The true test of this intelligence lies in building unshakable frontline defenses. Our primary healthcare centres, the first and often only refuge for millions, must be fortified. It’s a song we’ve been singing for decades now. In response to the current and expected impacts of climate change on health sector infrastructure and health service delivery, the Climate Resilient Infrastructure for Basic Services (CRIBS), a scalable programme came into being. Developed through partnerships among the UK Government, Nigeria’s federal and state authorities, UNICEF, the World Bank, WHO, Crown Agents’ UK Lafiya Programme, JigSaw, Fab Inc., and Sextant Foundation, CRIBS protects essential services from climate shocks. Eighty-four facilities have been inaugurated in Kano and Jigawa, with plans to expand to other states.
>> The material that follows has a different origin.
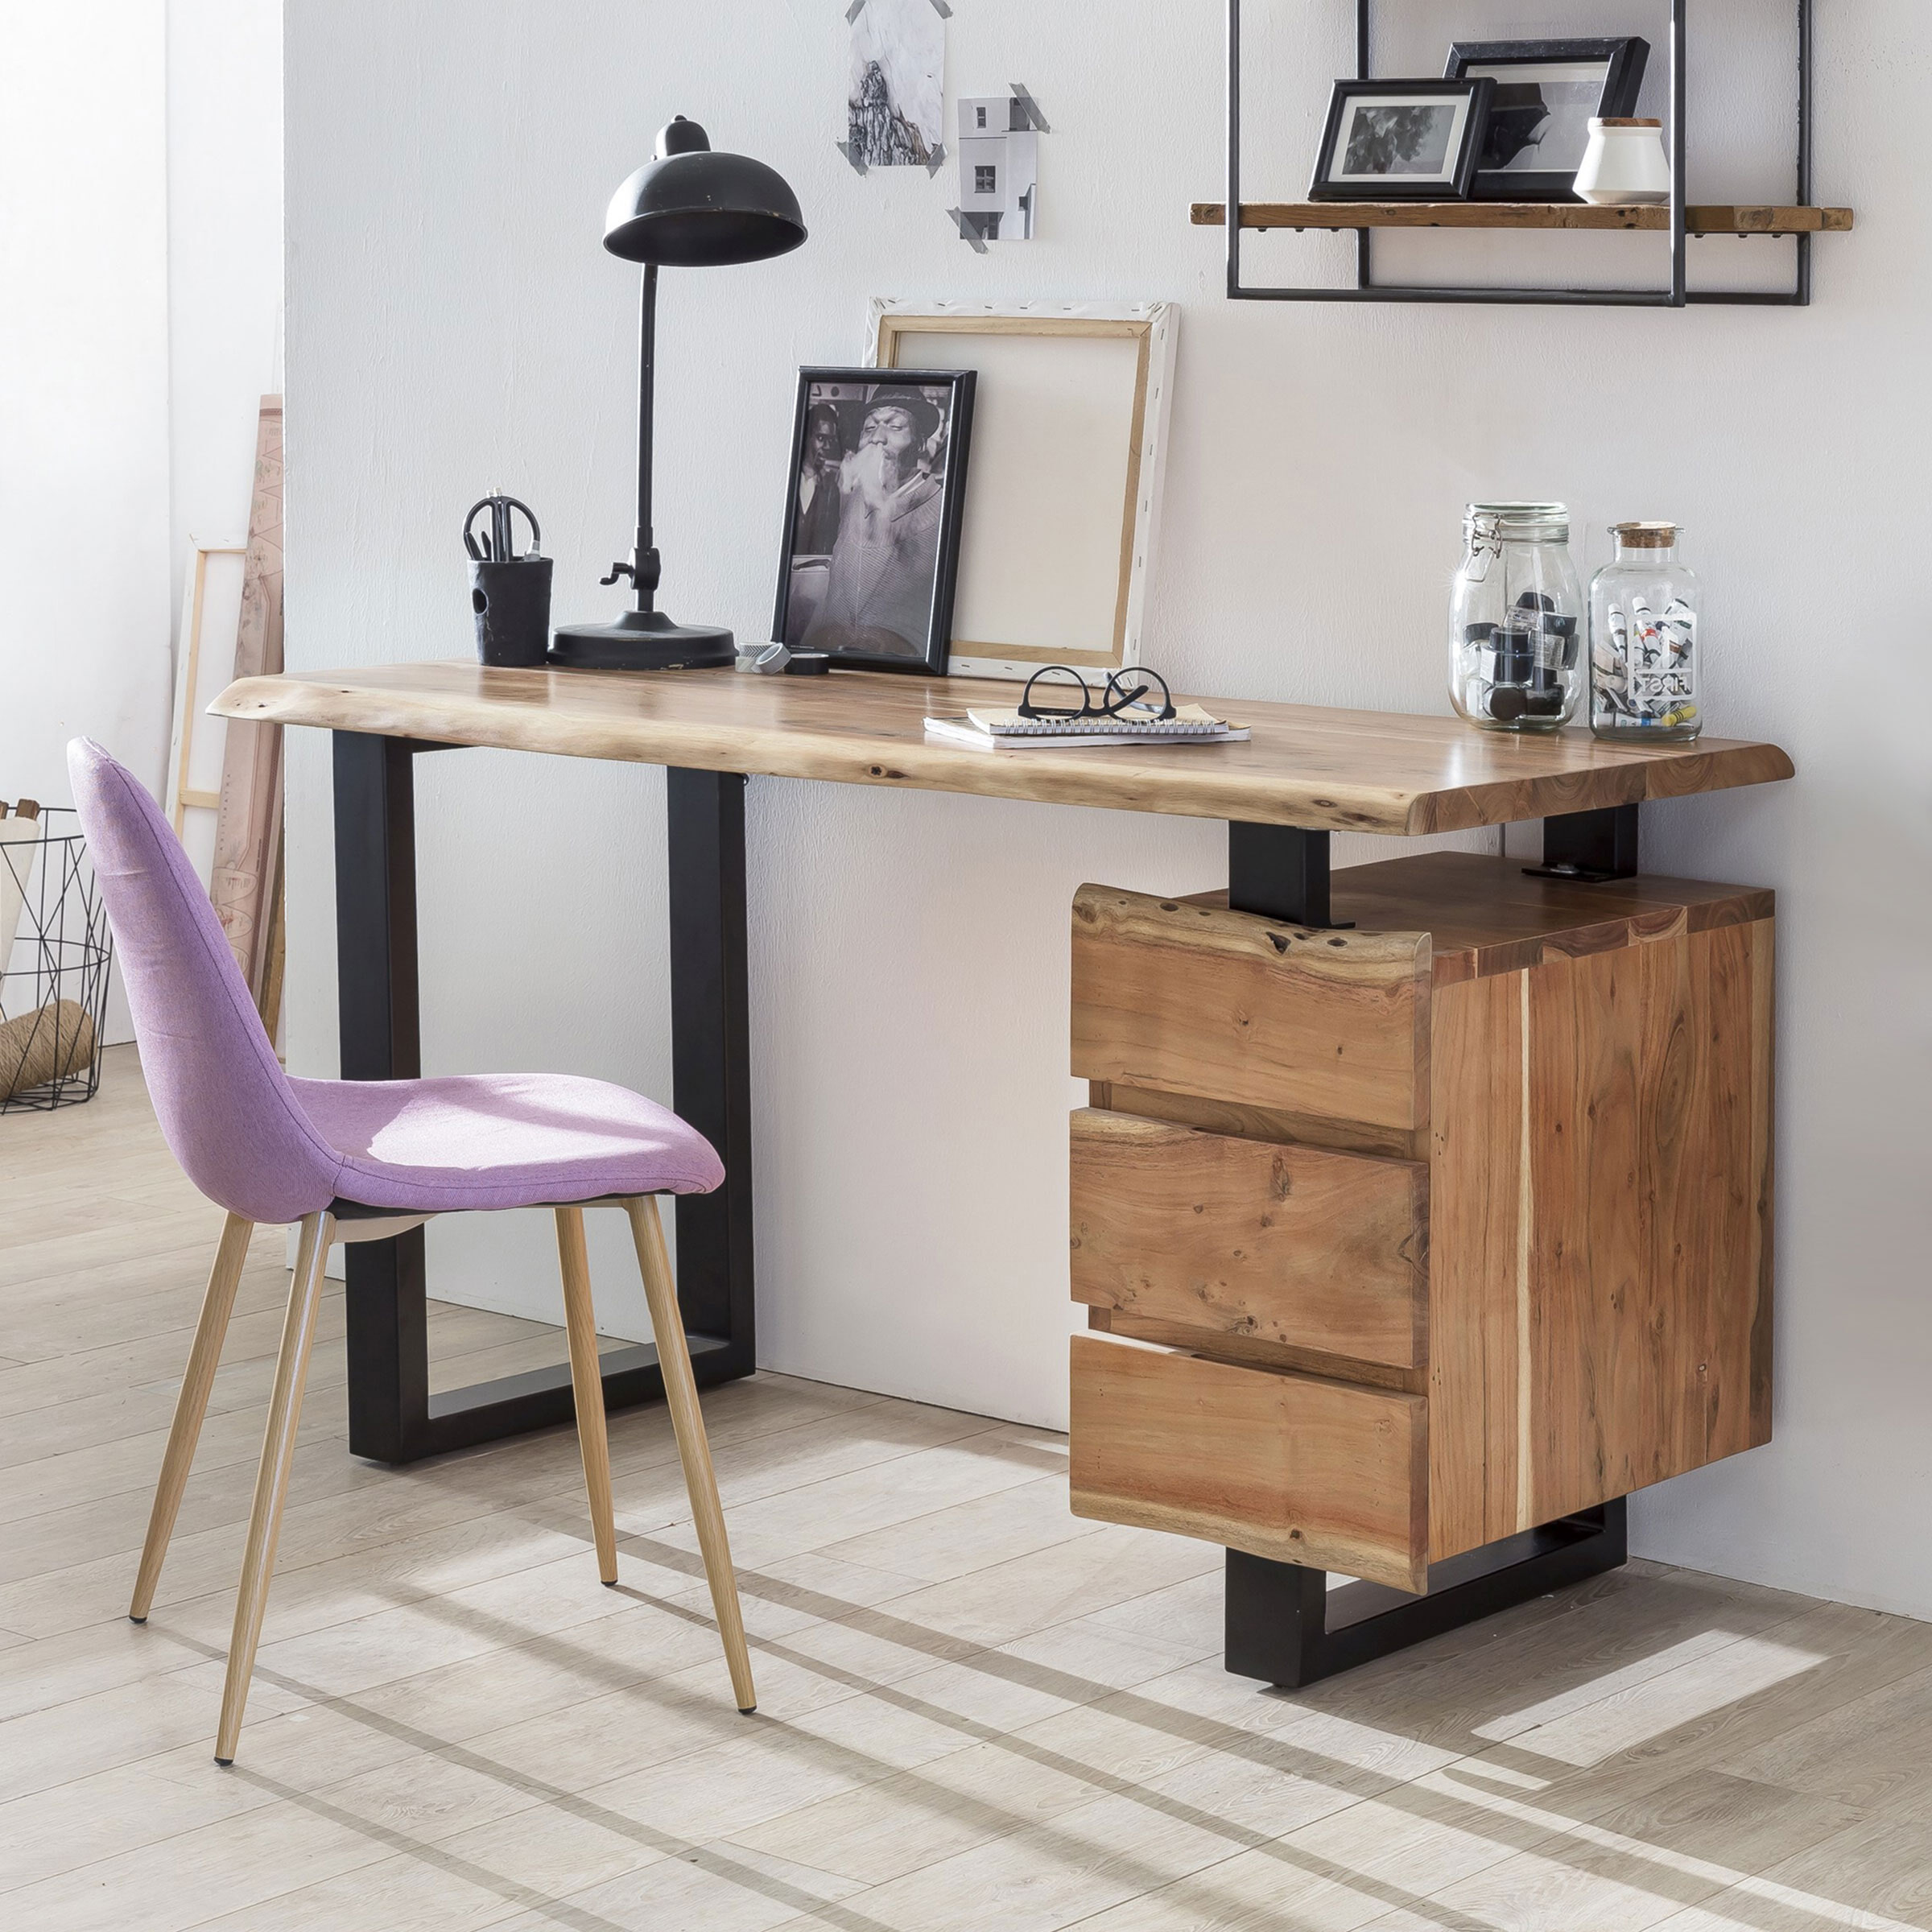 Op Trapstoel: Alles voor de inrichtng van uw woning is alles over meubelen te vinden: waaronder meubelpartner en specifiek Artistiq Bureau Albero 147cm (Artistiq-Bureau-Albero-147cm32279)

While this is impressive, the country has an estimated 34,047 PHCs, according to the Nigeria Health Sector: Market Study Report. So far, more ground remains to be covered, and financial partnerships that move the needle on this should be a key metric for the Nigerian Government and the National Council on Climate Change (NCCC). Earlier last week, President Bola Tinubu said that his administration’s focus ahead of COP30 is to harness financing opportunities for climate-resilient projects and related interventions, and this is what we must see in Belém.
But resilience is not built in concrete alone; leadership demands a compelling narrative of justice and equity. Nigeria can champion this by anchoring its climate-health strategy within its visionary Just Transition Guidelines and Action Plan. The conversation must explicitly connect the health of a farmer in the scorching heat of the Sahel to the health of our national economy. We must advocate for resilient health systems as a fundamental social safety net for our agricultural workers, artisanal miners, and informal sector employees — populations whose health and livelihoods are directly impacted by climate change. This reframes the issue from a narrow environmental concern to a core argument for justice and development, a message that will reinforce the central demands of the Global South at COP30.
The Health Pavilion at COP30 is the global stage where Nigeria must not be just another vulnerable nation, but a solution-oriented leader showcasing a proven pathway. Nigeria should present the CRIBS model as a tangible, low-cost African solution, share the data and lessons from our V&A assessment, and establish the country as a continental knowledge hub. And we will forge partnerships, arguing evidently that investing in Nigeria’s climate-health resilience is an investment in a blueprint for the entire region.
All said and done, the Belém Health Action Plan provides the framework, and Nigeria possesses the evidence, the nascent models and the authority to lead. The imperative now is to ensure that our health systems are transformed to withstand the pressures of a warming world. If, as WHO Director-General Dr. Tedros Adhanom Ghebreyesus asserts, “the climate crisis is a health crisis,” then for Nigeria, health is not an afterthought of climate policy. Health is the entire story of our future.
Abiodun Salako, a journalist and African Liberty Writing Fellow, writes from Lagos.